▶ [Work instruction]:
Word for word, copy out the data below, omitting pictures.

▶ [Data block]:
=== Section Start ===

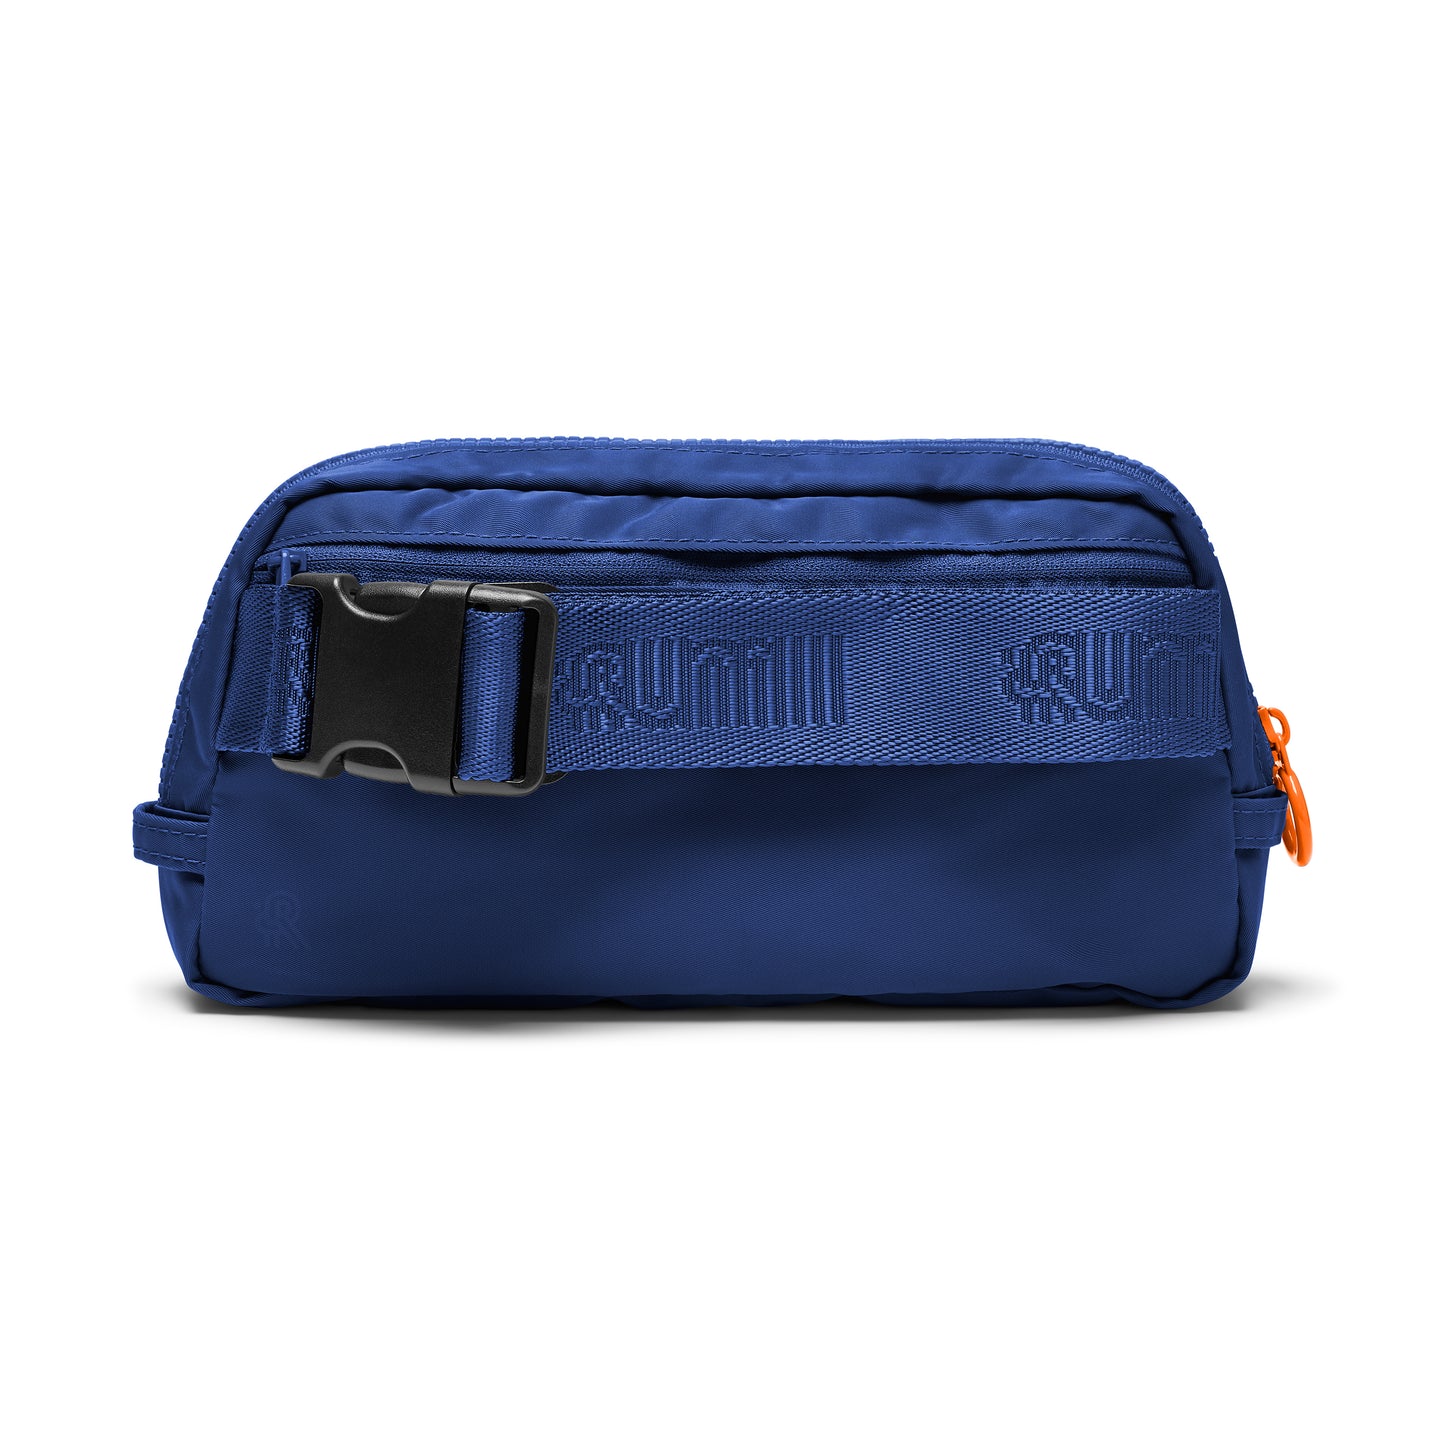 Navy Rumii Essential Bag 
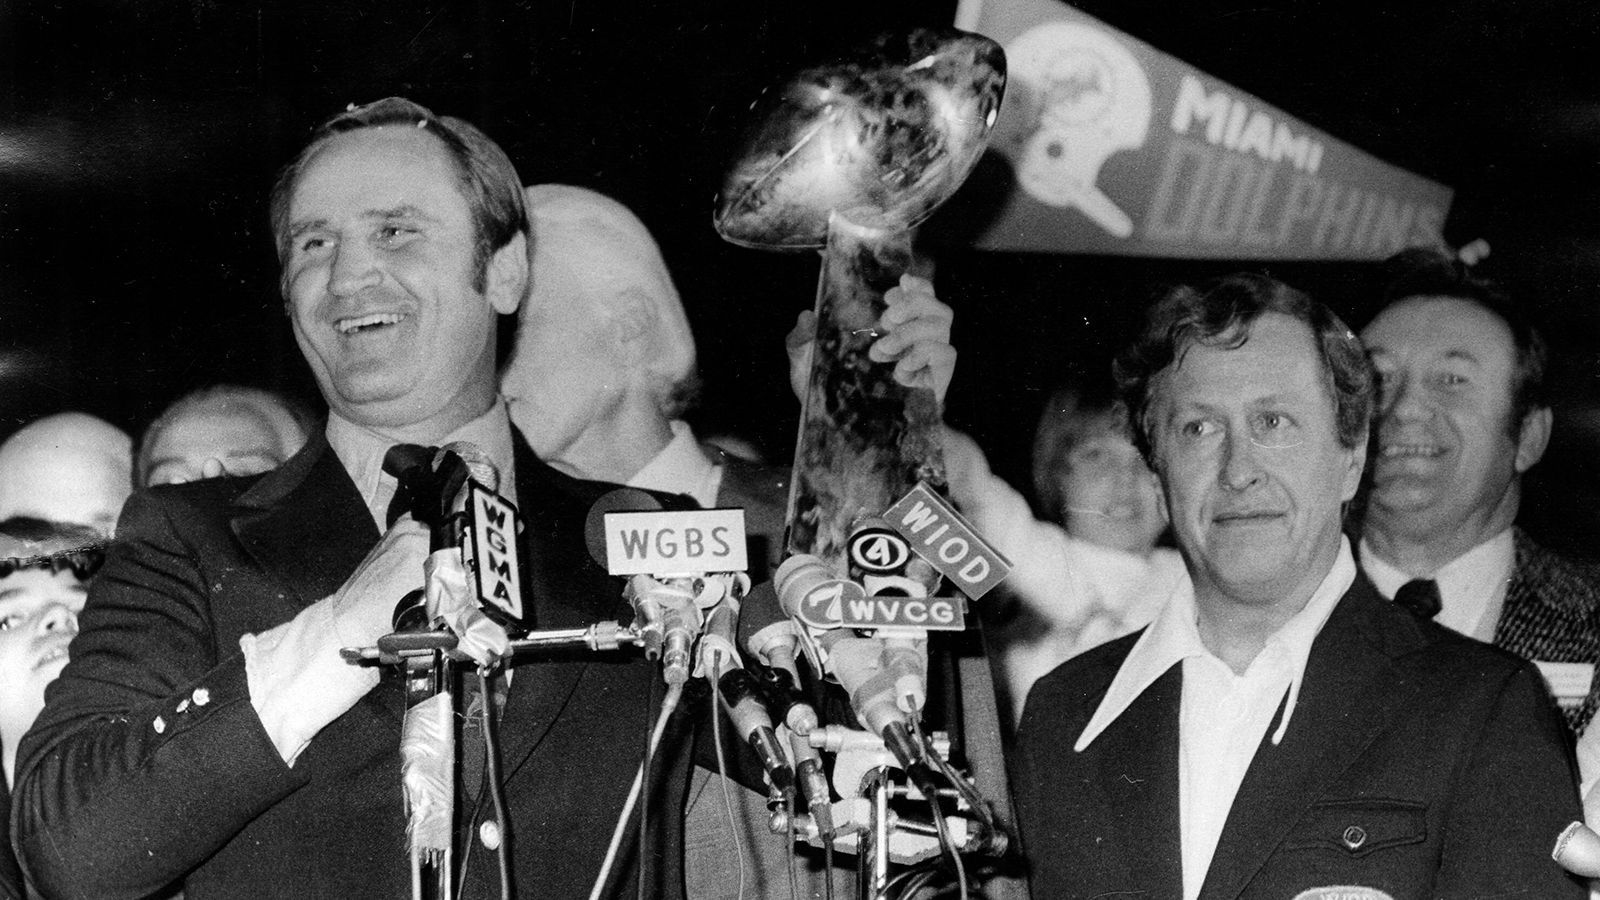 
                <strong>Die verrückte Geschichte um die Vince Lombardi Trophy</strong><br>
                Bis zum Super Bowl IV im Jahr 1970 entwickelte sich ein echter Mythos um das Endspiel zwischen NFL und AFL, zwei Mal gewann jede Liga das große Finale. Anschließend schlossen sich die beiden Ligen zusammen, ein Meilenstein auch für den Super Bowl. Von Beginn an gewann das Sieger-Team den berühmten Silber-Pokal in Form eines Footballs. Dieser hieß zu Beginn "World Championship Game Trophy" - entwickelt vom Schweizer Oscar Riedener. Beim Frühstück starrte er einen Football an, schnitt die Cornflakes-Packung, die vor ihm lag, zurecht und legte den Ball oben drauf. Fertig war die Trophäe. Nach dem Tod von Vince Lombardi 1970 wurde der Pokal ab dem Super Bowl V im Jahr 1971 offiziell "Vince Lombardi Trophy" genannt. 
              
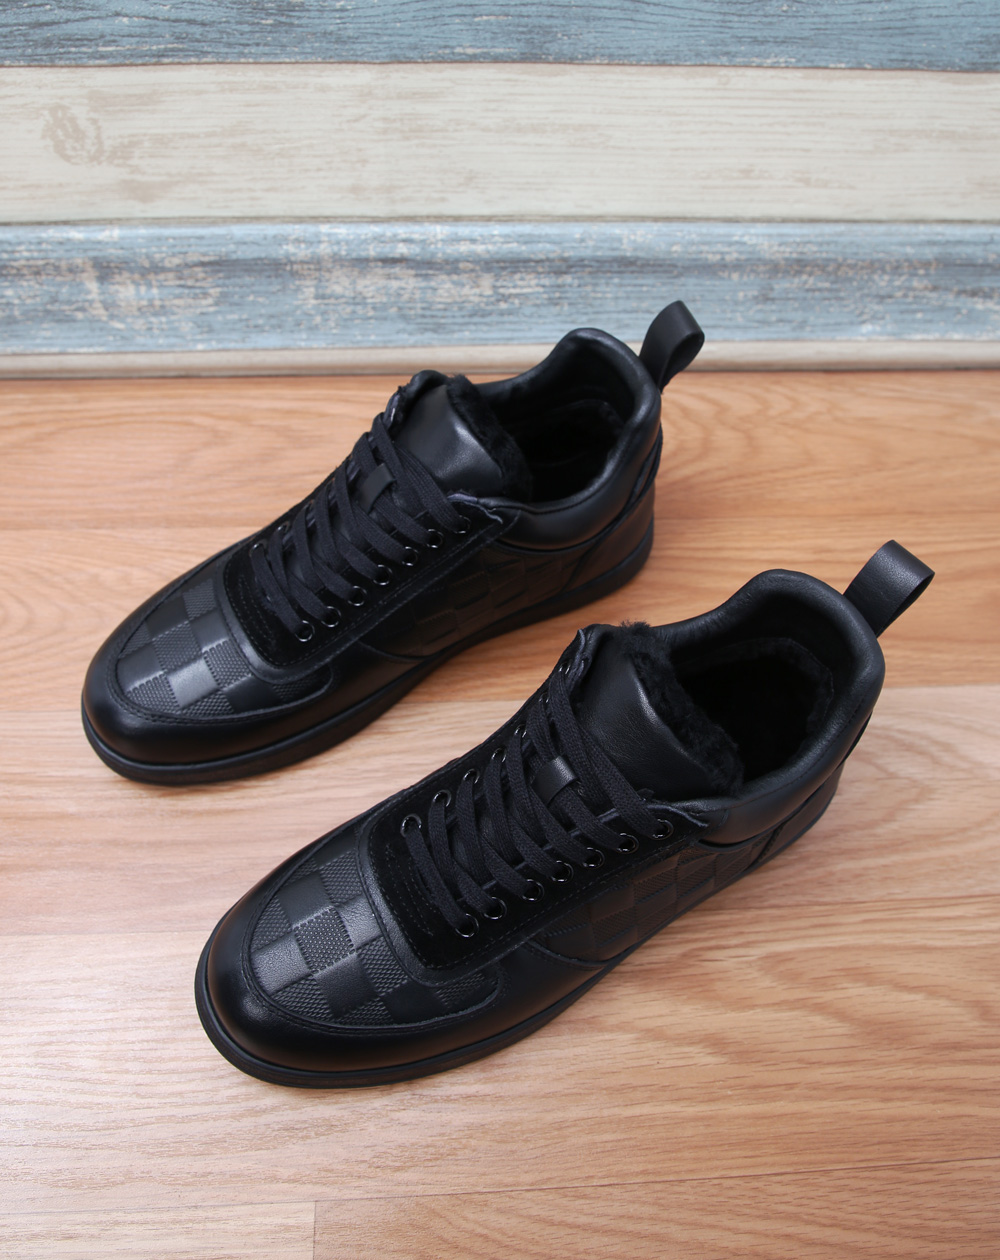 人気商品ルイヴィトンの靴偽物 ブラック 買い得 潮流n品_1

=== Section End ===

▶ [Completed exercise]:
 Navy Rumii Essential Bag 
                <strong>Die verrückte Geschichte um die Vince Lombardi Trophy</strong><br>
                Bis zum Super Bowl IV im Jahr 1970 entwickelte sich ein echter Mythos um das Endspiel zwischen NFL und AFL, zwei Mal gewann jede Liga das große Finale. Anschließend schlossen sich die beiden Ligen zusammen, ein Meilenstein auch für den Super Bowl. Von Beginn an gewann das Sieger-Team den berühmten Silber-Pokal in Form eines Footballs. Dieser hieß zu Beginn "World Championship Game Trophy" - entwickelt vom Schweizer Oscar Riedener. Beim Frühstück starrte er einen Football an, schnitt die Cornflakes-Packung, die vor ihm lag, zurecht und legte den Ball oben drauf. Fertig war die Trophäe. Nach dem Tod von Vince Lombardi 1970 wurde der Pokal ab dem Super Bowl V im Jahr 1971 offiziell "Vince Lombardi Trophy" genannt. 
              
 人気商品ルイヴィトンの靴偽物 ブラック 買い得 潮流n品_1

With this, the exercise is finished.